Pila Pharma AB has announced promising preclinical results for its lead candidate, XEN-D0501, a TRPV1 antagonist, in reducing abdominal aorta aneurysm growth in mice. The study, conducted by Professor Dick Wagsater's Research Group at Uppsala University, Sweden, demonstrated a robust decrease in aorta dilatation of more than 50% compared to placebo. This finding establishes a preclinical proof-of-concept for XEN-D0501's potential in treating cardiovascular diseases. The company is preparing for a Phase 2a clinical trial (PP-CT03) to further evaluate the drug's safety and efficacy in humans.
XEN-D0501: A TRPV1 Antagonist
XEN-D0501 is a selective, synthetic, and potent small molecule TRPV1 antagonist in-licensed by Pila Pharma in 2016. TRPV1, or transient receptor potential vanilloid 1, is a receptor primarily expressed in sensory nerve fibers and is involved in detecting noxious stimuli, including heat and chemical irritants. Modulation of TRPV1 has potential applications in treating pain disorders, inflammation, and cardiovascular diseases. While TRPV1 agonists have been studied for obesity management, XEN-D0501 takes an antagonist approach.
Preclinical Evidence
The recent preclinical study aimed to assess the potential of XEN-D0501 to decrease abdominal aneurysm growth in mice. The headline results indicated that XEN-D0501 almost completely inhibited aneurysm development in the preclinical model, achieving the study's primary goal. These data are pending a confirmatory study and will be submitted for publication in a scientific journal.
Clinical Trial History and Future Plans
Pila Pharma has already completed two Phase 2a clinical trials (PP-CT01 and PP-CT02) with XEN-D0501. These trials demonstrated that the drug is well-tolerated in people living with obesity and type 2 diabetes. Notably, PP-CT02 showed that XEN-D0501 (administered as 4 mg twice daily for 28 days) significantly enhanced the endogenous insulin response to oral glucose compared to placebo. Furthermore, the trial observed a statistically significant reduction in ANP, a cardiovascular biomarker for heart failure.
In 2023, Pila Pharma reported excellent tolerability of XEN-D0501 following 13 weeks of administration at high doses in two animal species. This positive safety profile allows XEN-D0501 to progress into longer clinical trials. Currently, the company is preparing a scientific advice request regarding the study design for the next clinical Phase 2a trial, PP-CT03, which will be followed by a clinical trial submission in the UK. The objective of PP-CT03 is to identify the maximum tolerable dose of XEN-D0501 in people living with obesity and type 2 diabetes and to evaluate its safety profile following 3 months of chronic treatment. The study will also assess the drug's potential efficacy in reducing body weight.
Cautious Optimism
While XEN-D0501 has garnered attention and investor interest, some experts urge caution, emphasizing that the drug is still in early development. John B. Dixon, PhD, professor at Iverson Health Innovation Research Institute, Swinburne University of Technology, Melbourne, Australia, stated, "There is simply no quality human data to say anything about the possibilities for this pathway." Vincenzo Di Marzo, PhD, director of the Joint International Research Unit for the Chemical and Biomolecular Study of the Microbiome in Metabolic Health and Nutrition, also noted that the company data are promising but preliminary.

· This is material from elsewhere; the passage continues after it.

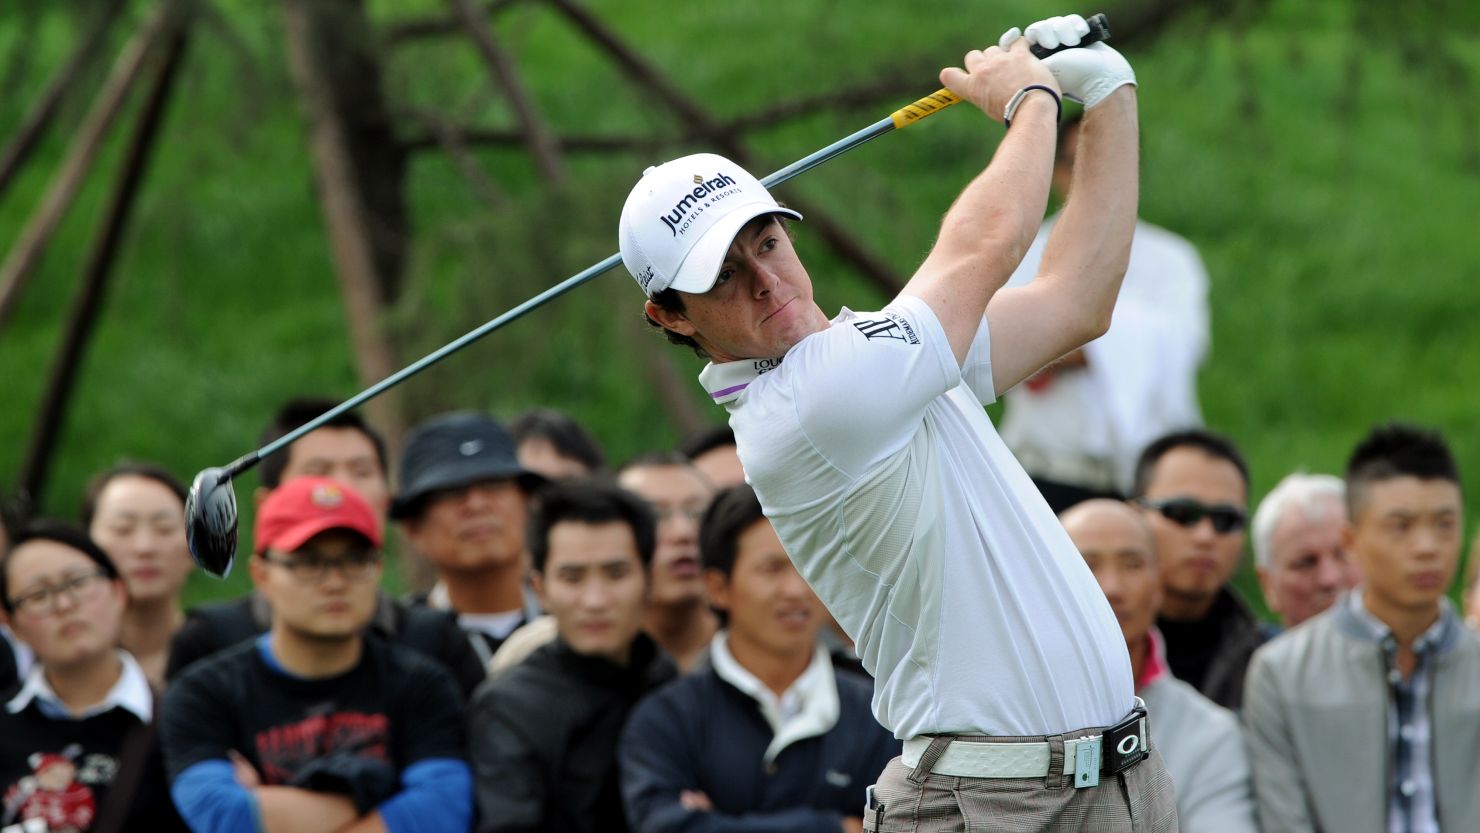 Northern Ireland's Rory McIlroy extended the one-shot lead he held after day one in Shanghai.
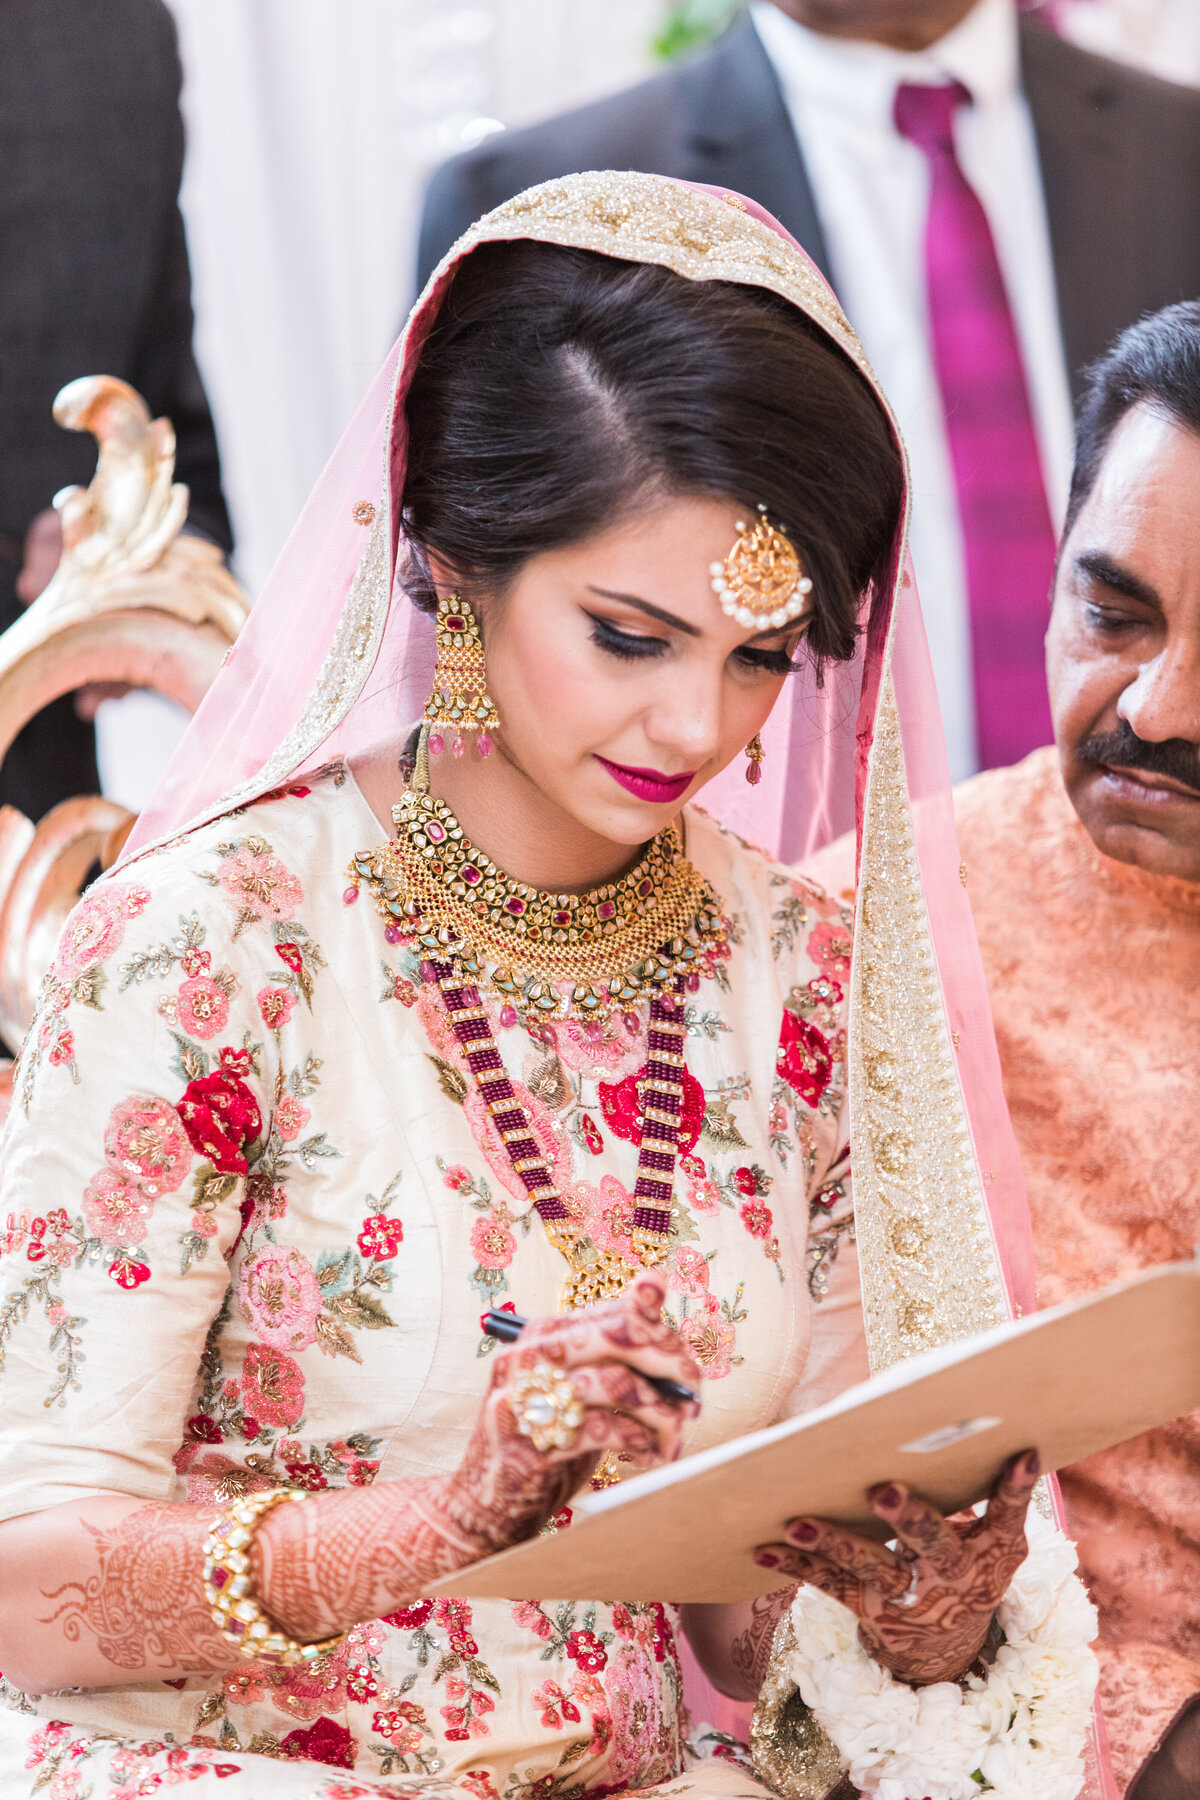 maha_studios_wedding_photography_chicago_new_york_california_sophisticated_and_vibrant_photography_honoring_modern_south_asian_and_multicultural_weddings29

Pila Pharma is now planning a 3-month dose-escalation study in people with obesity and diabetes. Dorte X. Gram, PhD, founder of Pila Pharma, expressed optimism, stating, "If these studies show that the molecule is as efficacious and safe as we think it is, then it would make life a lot better for a lot of people because it is a tablet, not an injectable."
The company is also exploring the potential of XEN-D0501 for treating cardiovascular diseases, particularly abdominal aortic aneurysms, and as a potential nonopioid painkiller.